That reminds me of a song called come to australia

Redback, Funnel-Web, Blue-ringed octopus
Taipan, Tigersnake and a Box jellyfish
Stonefish and the poison thing that lives in a shell
That spikes you when you pick it up

Come to Australia
You might accidentally get killed

Your life's constantly under threat
Have you been bitten yet?
You've only got three minutes left
Before a massive coronary breakdown

Redback, Funnel-Web, Blue-ringed octopus
Tiapan, Tigersnake and a Box jellyfish
Big shark just waiting for you to go swimming
At Bondi Beach

Come to Australia
You might accidentally get killed
Your blood is bound to be spilled
With fear your pants will be filled
Because you might accidentally get killed

enough said...


----------



## Van (Oct 29, 2007)

Moving from Oklahoma to Oregon was quite interesting.

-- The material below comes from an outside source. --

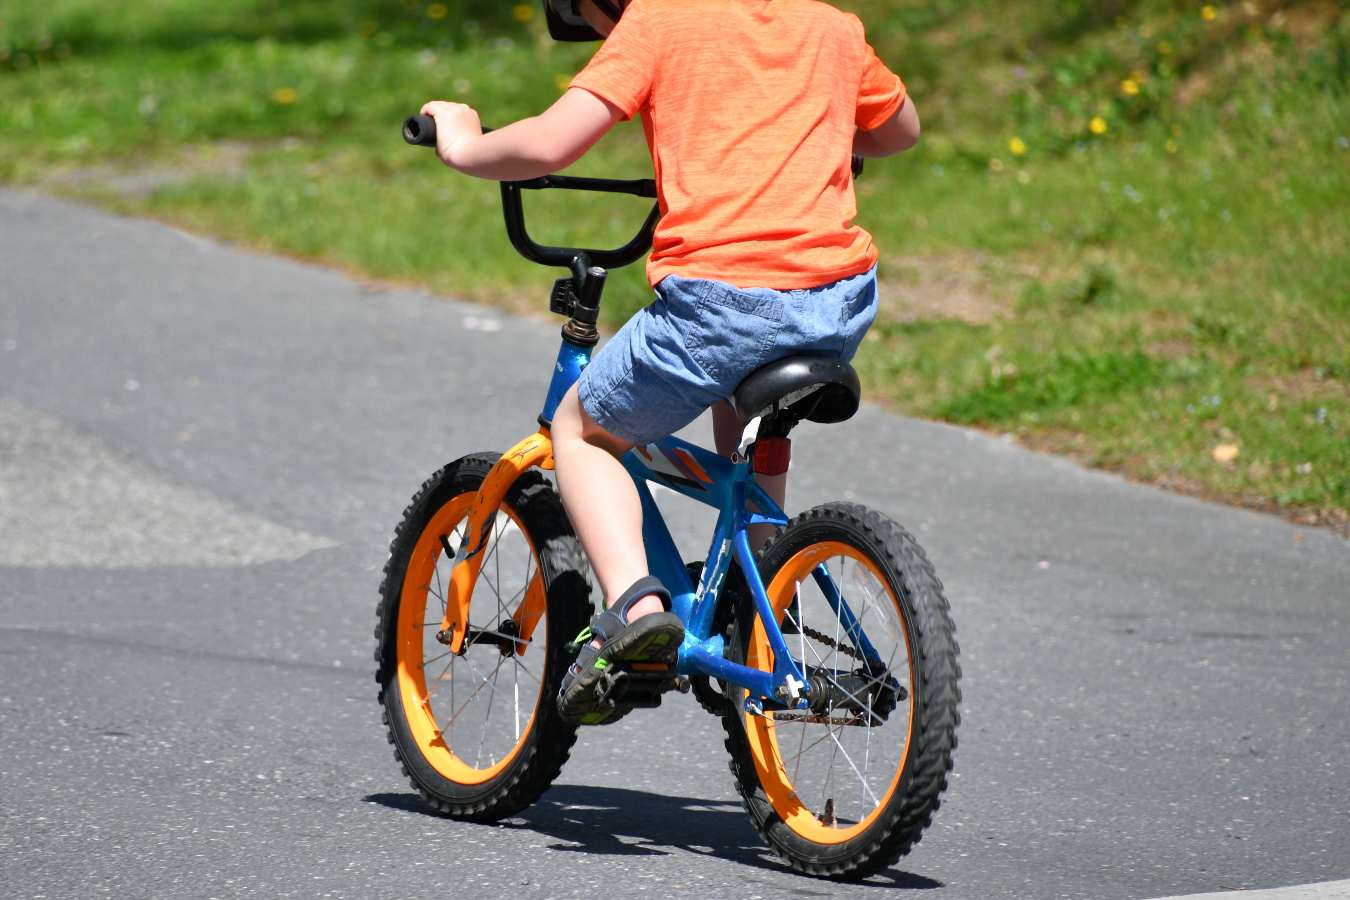 Dziecko na rowerze przepisy 2022: większe mandaty za brak uprawnień! Czy dzieciom naprawdę grozi 1500 zł kary?

In Ok. you have poisonous snakes, ticks, chiggers, black widdows, brown recluses, fiddle backs. Here, oh there's the occasional spider bite, but in the Willamette valley, no poisonous snakes, the mosquitos can be tough though.

Hughsie, what's the tune to that little diddy, it almost fits the macarana song.


----------



## Chris15 (Jan 7, 2008)

gafftaper said:


> This could be dangerous having two young Aussies from the same city around here... Wait a minute... I believe I've quite conclusively proven that Jervas is an invisible friend of Logos, created to bolster his side of the great metric war. We may need to do some more research here to prove that Hughesie isn't having a similar mental break down. For all I know everyone in Oz may have an invisible friend who likes to post.
> 
> Raktor are you sure you are your own individual entity and not a repressed personality trapped in someone else's body?



Now I know this has been sitting dormant for a month or three, but it looked like it still needed attention... You seem to make this statement that all Australians have this so called invisible identity... Now Gaff, you make me think you are smart, so please do enlighten me as to whom my invisible identity is... Or is it Myth BUSTED?


----------



## gafftaper (Jan 7, 2008)

Chris15 said:


> Now I know this has been sitting dormant for a month or three, but it looked like it still needed attention... You seem to make this statement that all Australians have this so called invisible identity... Now Gaff, you make me think you are smart, so please do enlighten me as to whom my invisible identity is... Or is it Myth BUSTED?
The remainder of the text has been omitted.